(Data)

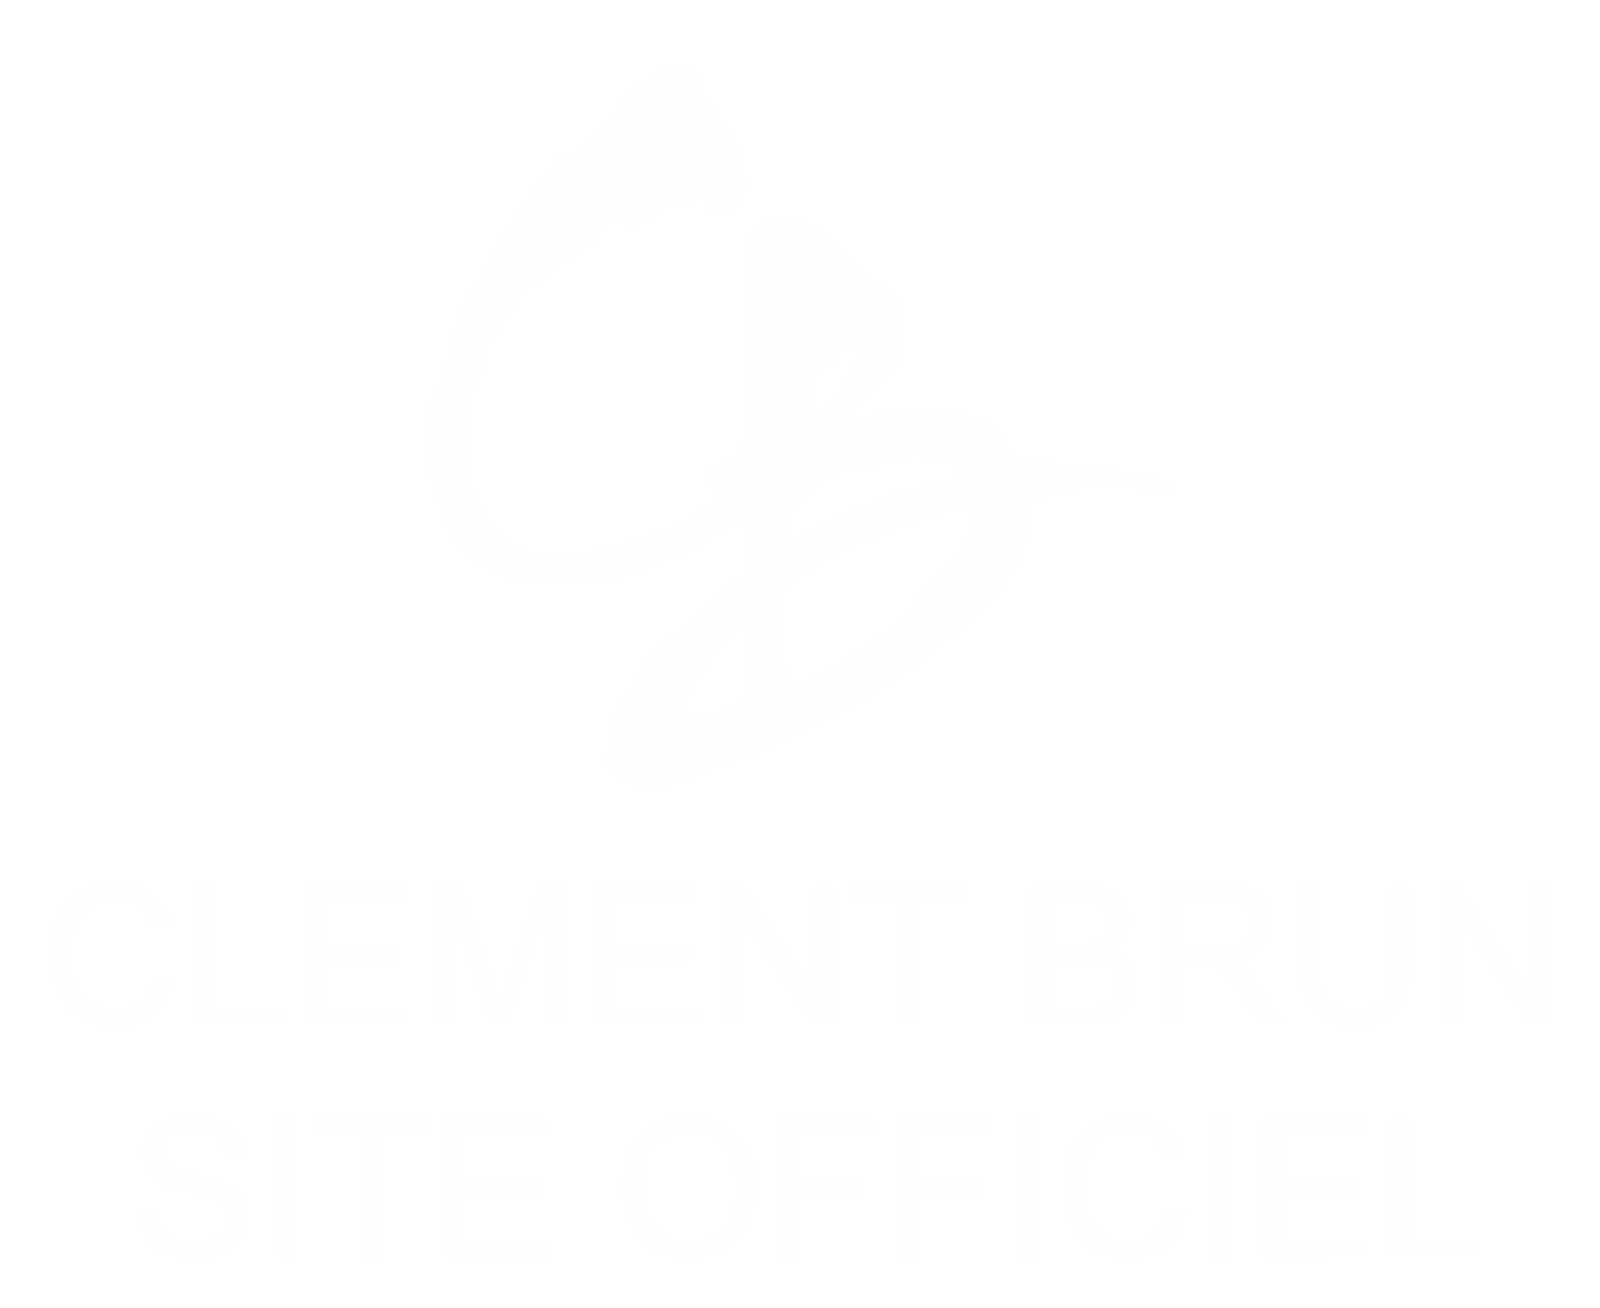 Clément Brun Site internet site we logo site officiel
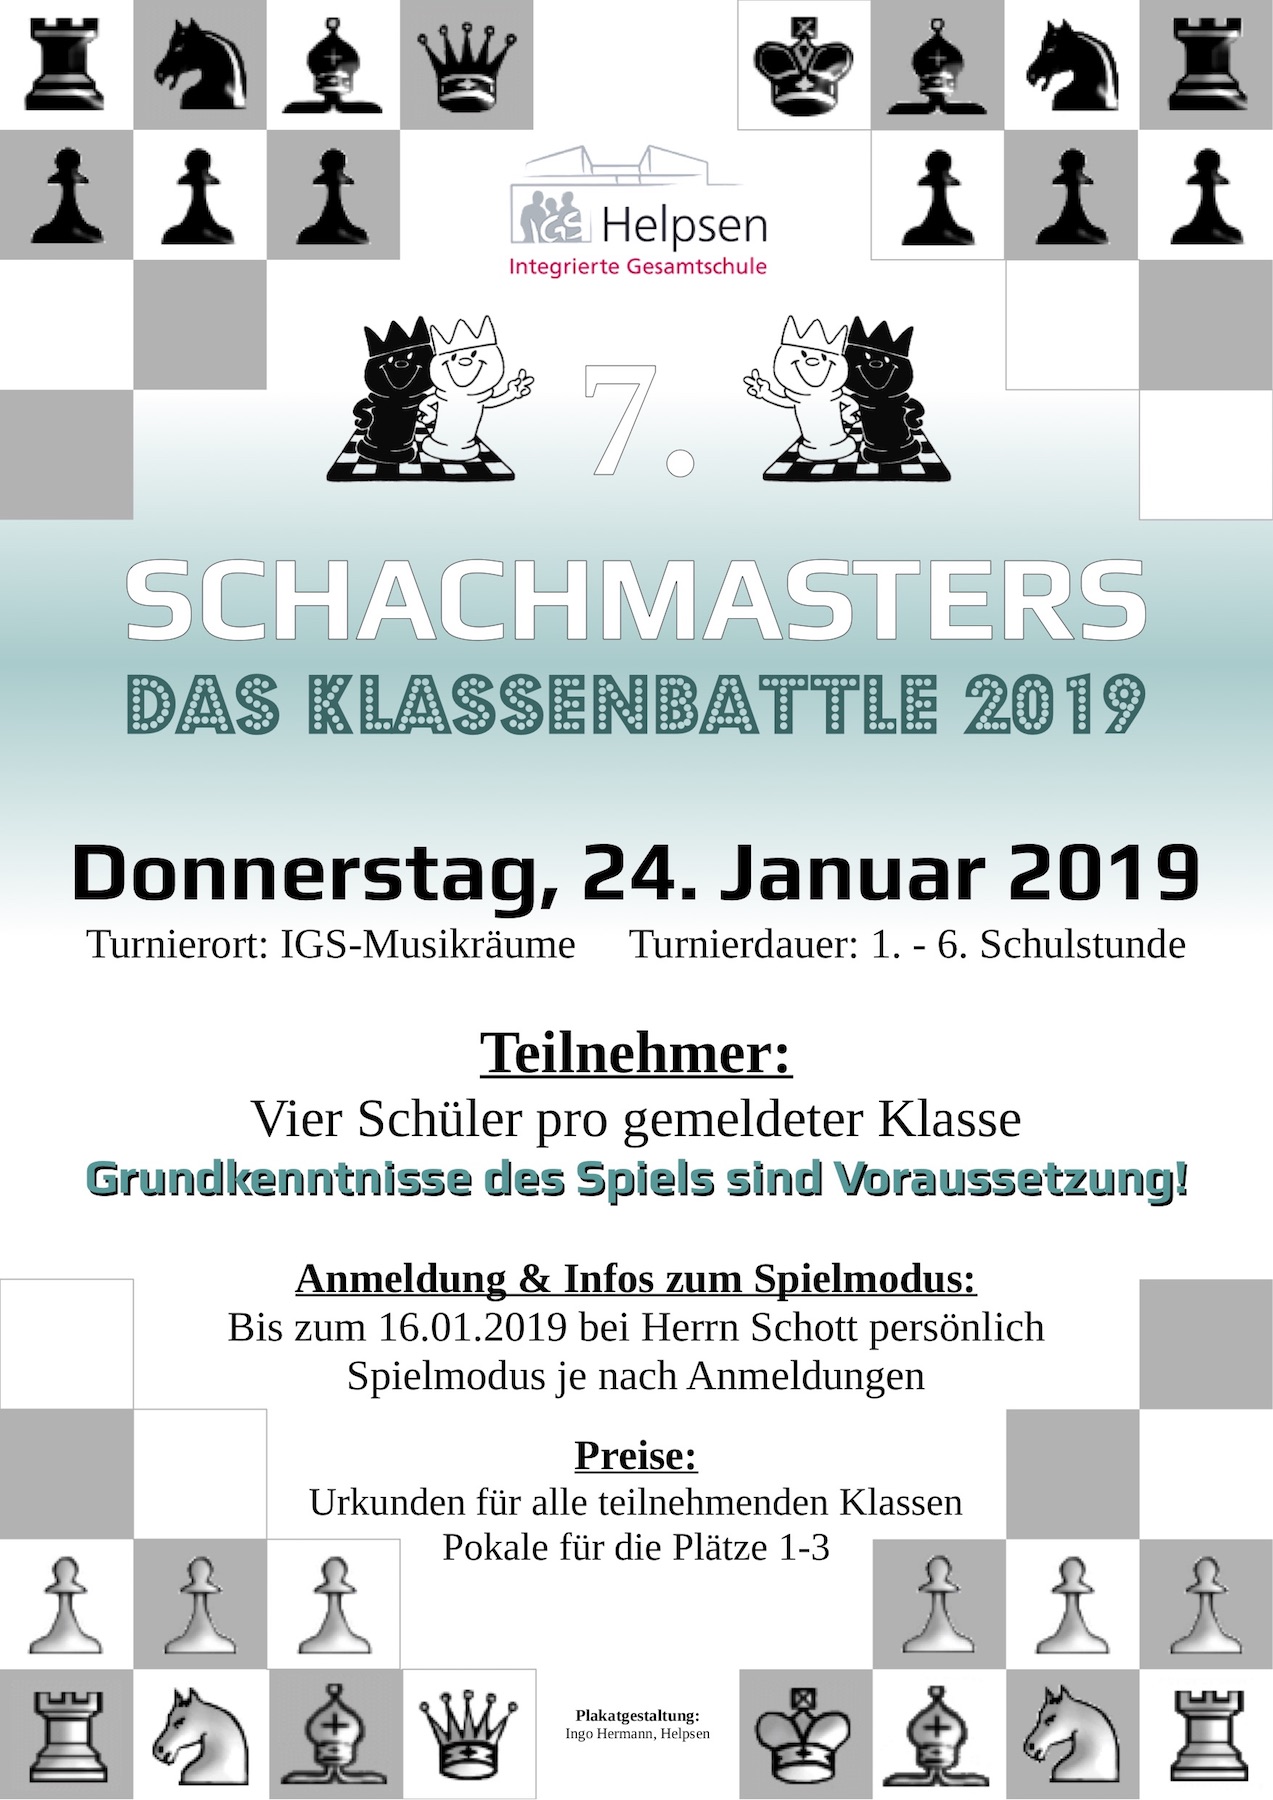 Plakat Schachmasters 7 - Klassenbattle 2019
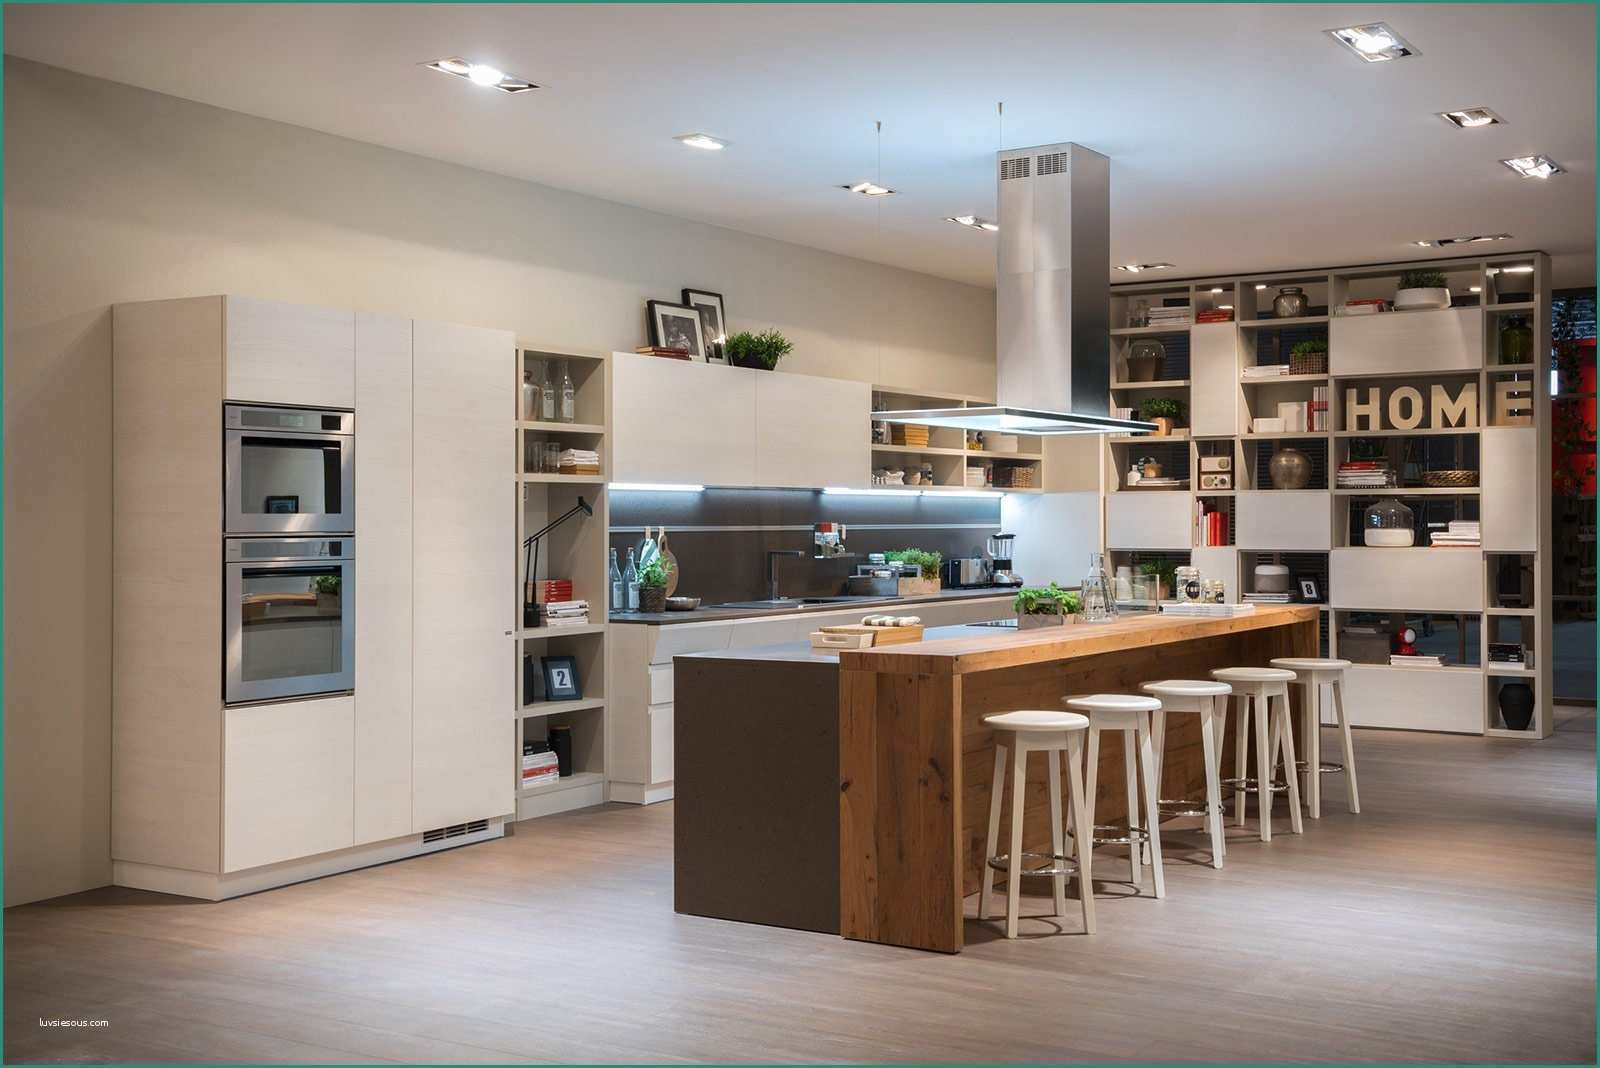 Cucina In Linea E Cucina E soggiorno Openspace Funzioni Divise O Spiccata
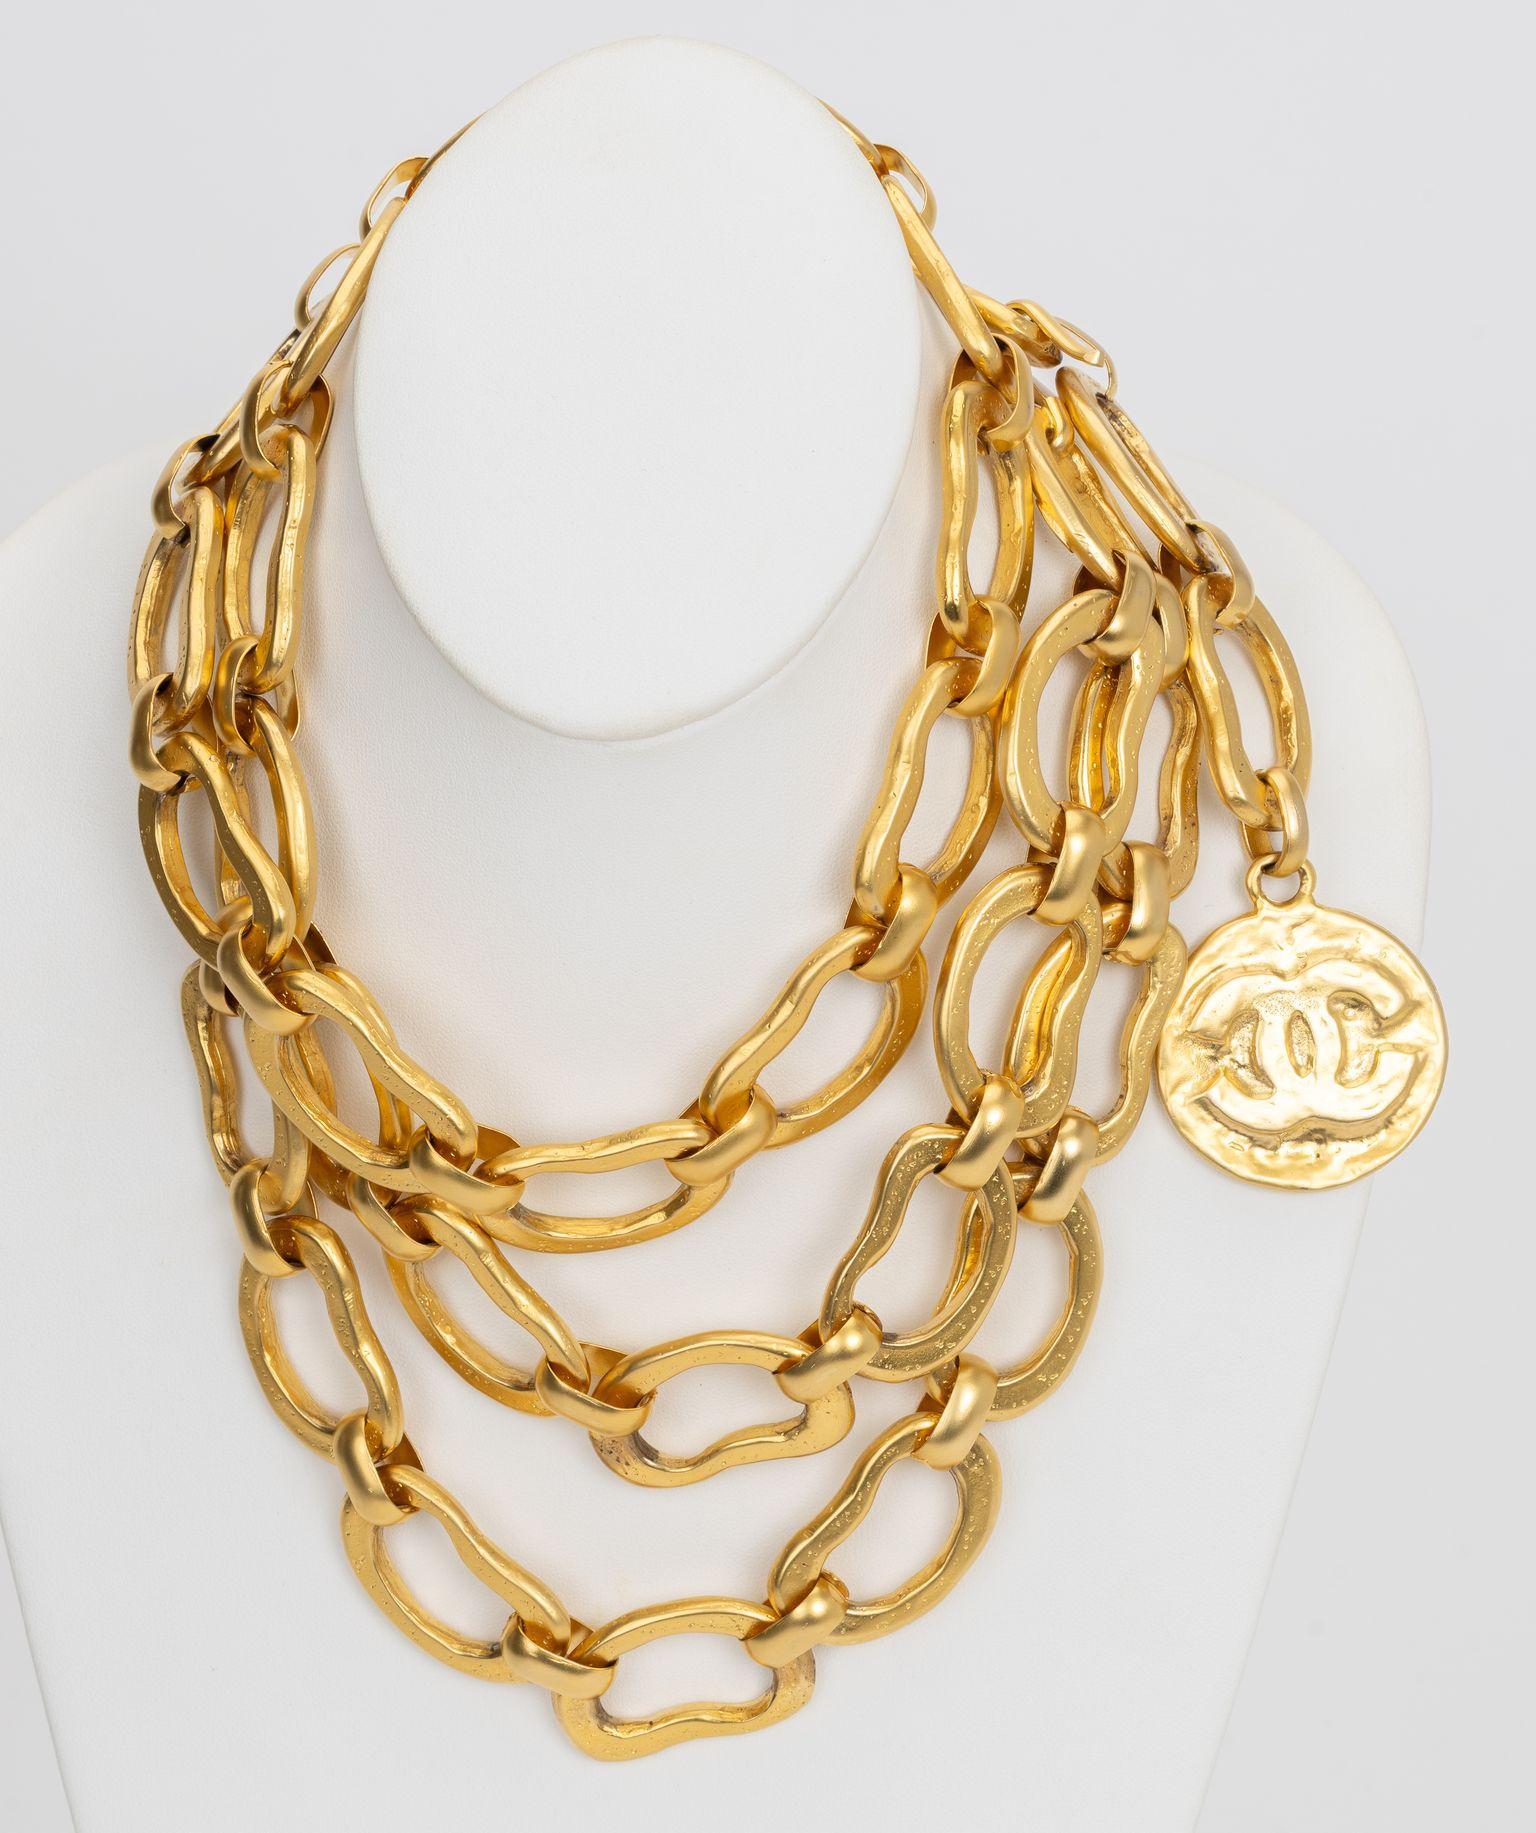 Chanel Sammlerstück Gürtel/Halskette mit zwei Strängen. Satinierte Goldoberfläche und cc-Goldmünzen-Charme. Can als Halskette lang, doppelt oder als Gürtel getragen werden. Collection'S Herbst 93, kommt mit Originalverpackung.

(End Data)

**What you are asked to do:** Reproduce word for word only the lines between the line containing "Plakat Schachmasters 7 - Klassenbattle 2019" and the end of the listing above, both included, and drop any pictures.

**Response:**
 Plakat Schachmasters 7 - Klassenbattle 2019
 Cucina In Linea E Cucina E soggiorno Openspace Funzioni Divise O Spiccata
 Chanel Sammlerstück Gürtel/Halskette mit zwei Strängen. Satinierte Goldoberfläche und cc-Goldmünzen-Charme. Can als Halskette lang, doppelt oder als Gürtel getragen werden. Collection'S Herbst 93, kommt mit Originalverpackung.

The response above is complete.